So what tricks do we have for making our CI blazing fast?

Caching

If your CI does the same expensive operation many times, you want to make sure you only pay that price once. A common example is installing external dependencies: an npm install on a large project can take a lot of time, as you pull dependencies in over the network.

GitHub Actions supports this via the built-in cache action. It allows you to define a cache key — a hash of your exact dependency versions, for instance — so that whenever that same cache key has been seen before, we can skip the full install process and just reuse the results from last time.

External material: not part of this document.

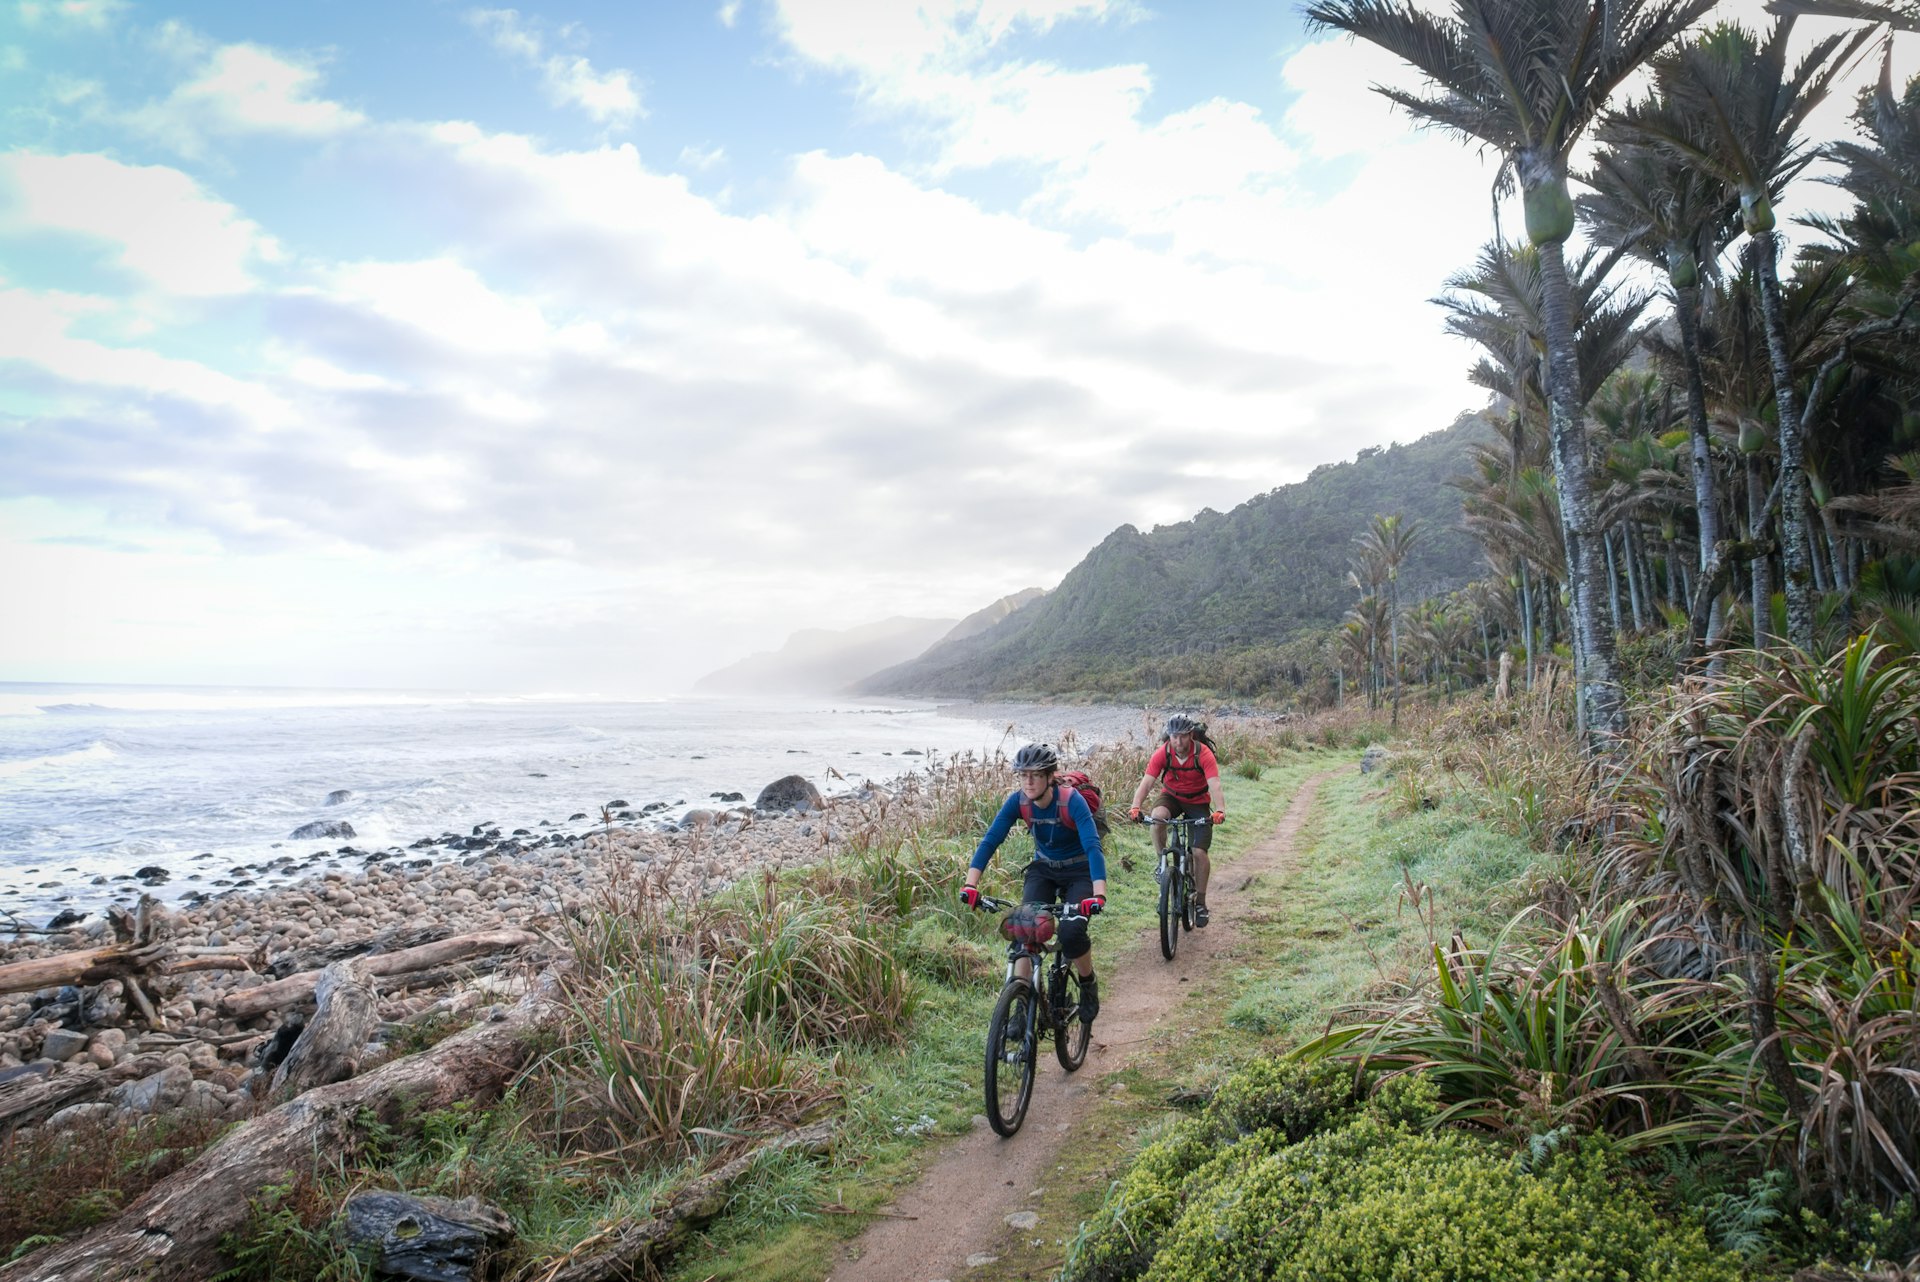 Two mountain-bikers ride along a coastal trail

And this reuse isn’t limited to steps within the same CI run: until your dependencies change, every CI run can enjoy that speed boost.

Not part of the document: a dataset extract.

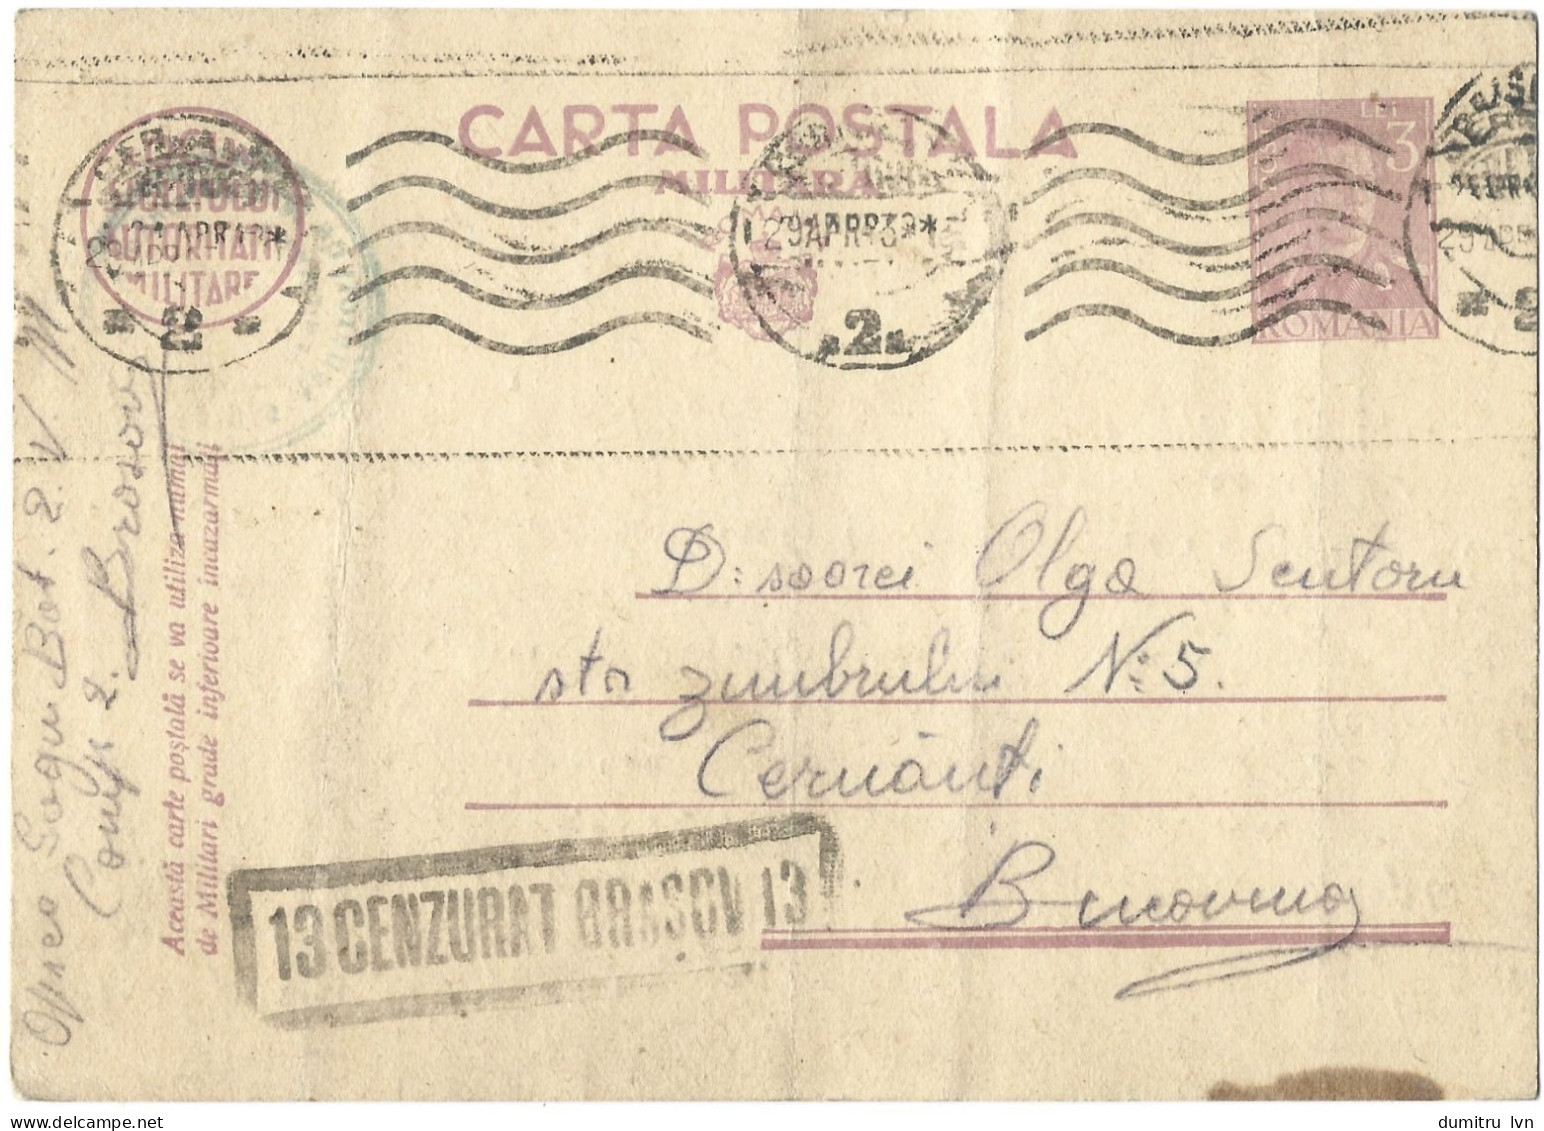 ROMANIA 1943 MILITARY POSTCARD, MILITARY CENSORED, CENSORED BRASOV 13, CERNAUTI STAMP, POSTCARD STATIONERY - World War 2 Letters

It’s worth noting that this requires the operation being cached to be deterministic. Determinism is an important property of any CI pipeline, and there’s a whole section on that below.

Parallelization

As your app grows, so does the number of automated checks and tests on your CI. This is great! Who doesn’t love good test coverage? But it also means there’s more for the CI to do during each run, meaning those runs tend to get slower over time.

One of the simplest ways to make things faster is to chop your CI process up into independent chunks, and run those chunks in parallel.

If your CI does clearly separated steps (such as linting, building, and testing) sequentially, it’s often trivial to configure those to be run in parallel instead. GitHub Actions makes this really easy with the needs property, which you can use to affect which parts of the CI process can run in parallel, and which need to run sequentially.

Sometimes your CI steps are uneven in size: it’s not uncommon for all the other steps to take a minute or two, while your monster of a test suite takes a full 30 minutes. So running the fast steps and the slow step in parallel isn’t going to help a lot; the whole process will still take about 30 minutes.

Luckily, individual steps can often also be chopped up and parallelized. If your test suite is taking a long time to run, consider splitting your test cases into a few chunks, and then running those chunks in parallel. GitHub Actions makes this easy with the matrix strategy: it lets you run the same step multiple times, in parallel, with a different parameter. For instance:

strategy:
  matrix:
    chunk: [1, 2, 3, 4, 5, 6]

Each step can then list your test cases, pick the ones modulo ${{matrix.chunk}}, and run only those test cases. This can turn a 30 minute test suite to a five minute one (barring some variance between chunk runtimes, of course).

But how many parallel chunks should you go for? Would your test suite complete in one minute with 30 chunks?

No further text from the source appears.